Use a consistent schema across all tools. Establish naming conventions: verb-noun pattern for tool names, consistent parameter names across tools, consistent return field names.
为所有工具使用一致的Schema,建立命名规范:工具名称使用动词-名词模式,参数名称在所有工具中保持一致,返回字段名称保持一致。

Tool Collection Design

工具集合设计

Research shows tool description overlap causes model confusion. More tools do not always lead to better outcomes. A reasonable guideline is 10-20 tools for most applications. If more are needed, use namespacing to create logical groupings.
Implement mechanisms to help agents select the right tool: tool grouping, example-based selection, and hierarchy with umbrella tools that route to specialized sub-tools.
研究表明,工具描述重叠会导致模型困惑。工具数量多并不总是意味着结果更好,一个合理的指导原则是大多数应用使用10-20个工具。如果需要更多工具,使用命名空间创建逻辑分组。
实现帮助Agent选择正确工具的机制:工具分组、基于示例的选择,以及包含路由到专用子工具的顶层工具的层级结构。

MCP Tool Naming Requirements

MCP工具命名要求

When using MCP (Model Context Protocol) tools, always use fully qualified tool names to avoid "tool not found" errors.
Format:
ServerName:tool_name
python
undefined
使用MCP(Model Context Protocol)工具时,始终使用完全限定的工具名称,以避免「工具未找到」错误。
格式:
ServerName:tool_name
python
undefined

Correct: Fully qualified names

正确:完全限定名称

"Use the BigQuery:bigquery_schema tool to retrieve table schemas." "Use the GitHub:create_issue tool to create issues."
"Use the BigQuery:bigquery_schema tool to retrieve table schemas." "Use the GitHub:create_issue tool to create issues."

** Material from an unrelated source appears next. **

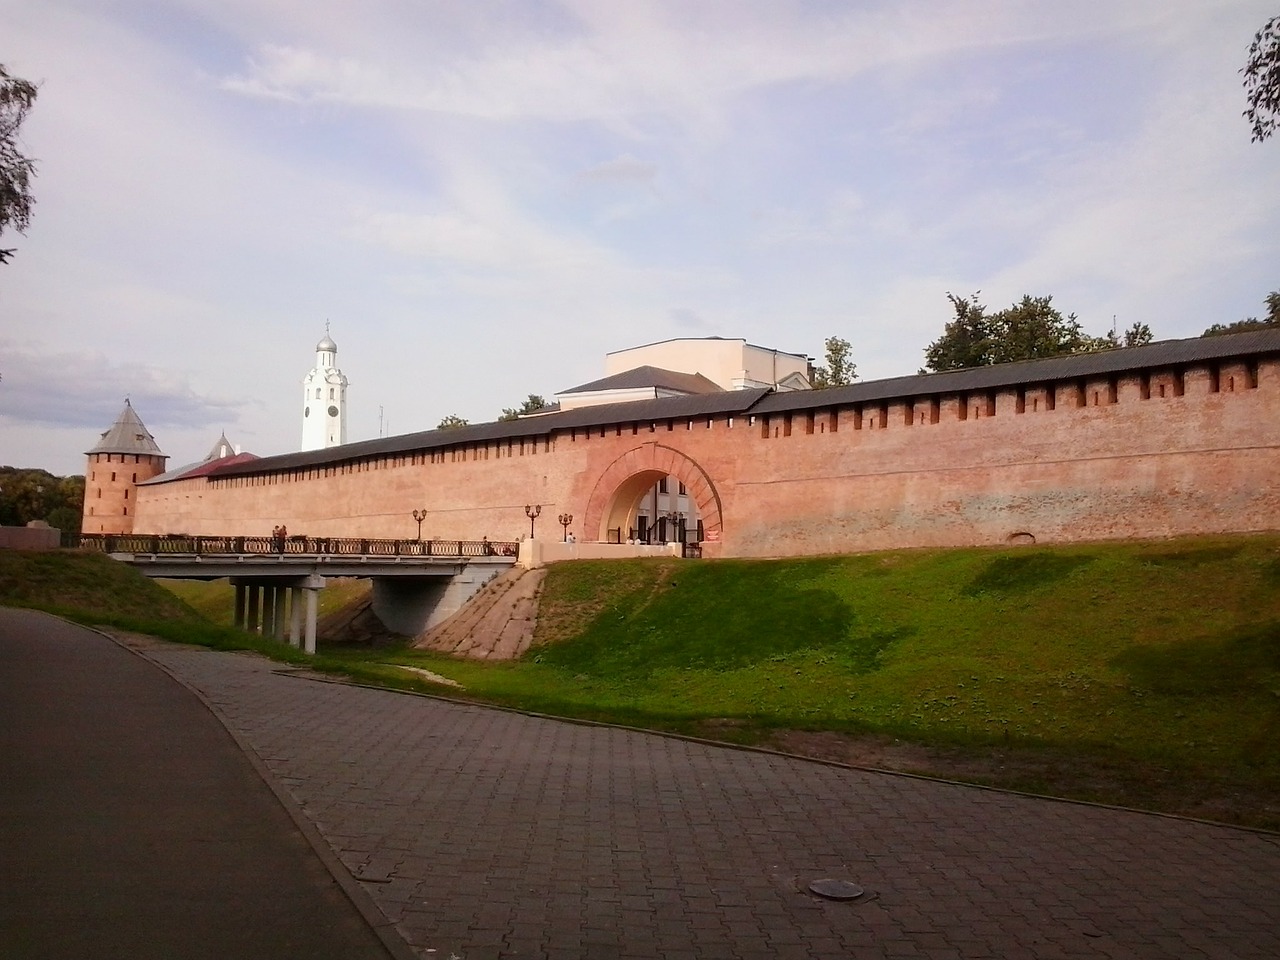 Veliky Novgorod Architecture Wall Gate Castle Free Image From Needpix Com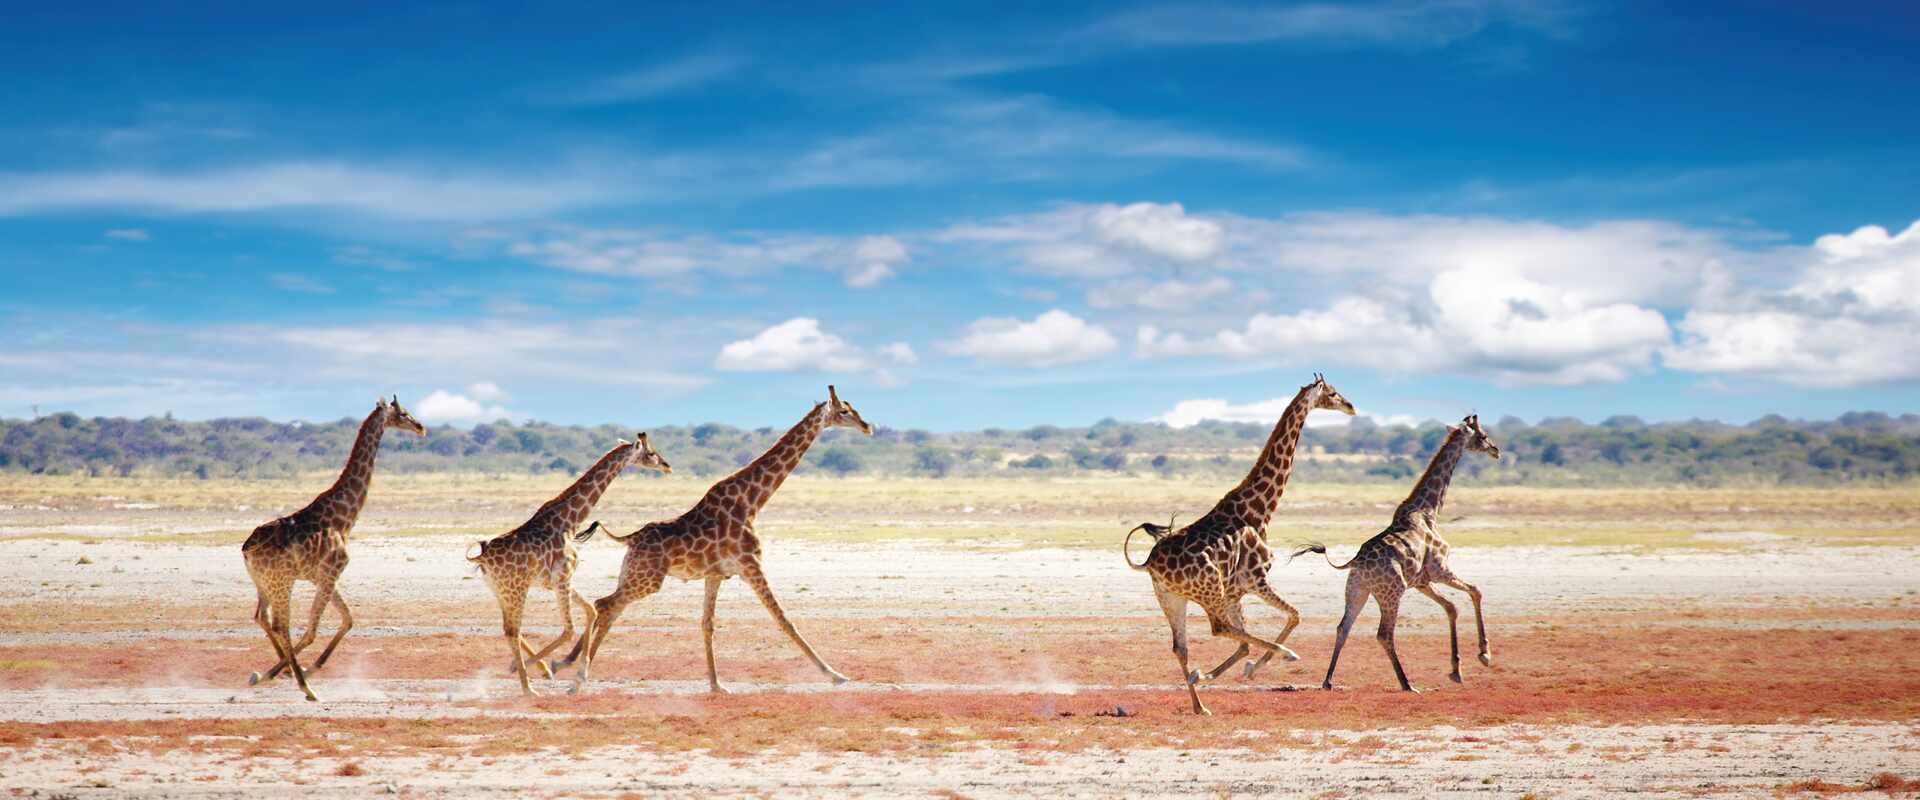 Giraffes running in estonia national park, Namibia

Incorrect: Unqualified names

错误:非限定名称

"Use the bigquery_schema tool..." # May fail with multiple servers

Without the server prefix, agents may fail to locate tools, especially when multiple MCP servers are available. Establish naming conventions that include server context in all tool references.
"Use the bigquery_schema tool..." # 多服务器环境下可能失败

如果没有服务器前缀,Agent可能无法定位工具,尤其是在存在多个MCP服务器的情况下。建立在所有工具引用中包含服务器上下文的命名规范。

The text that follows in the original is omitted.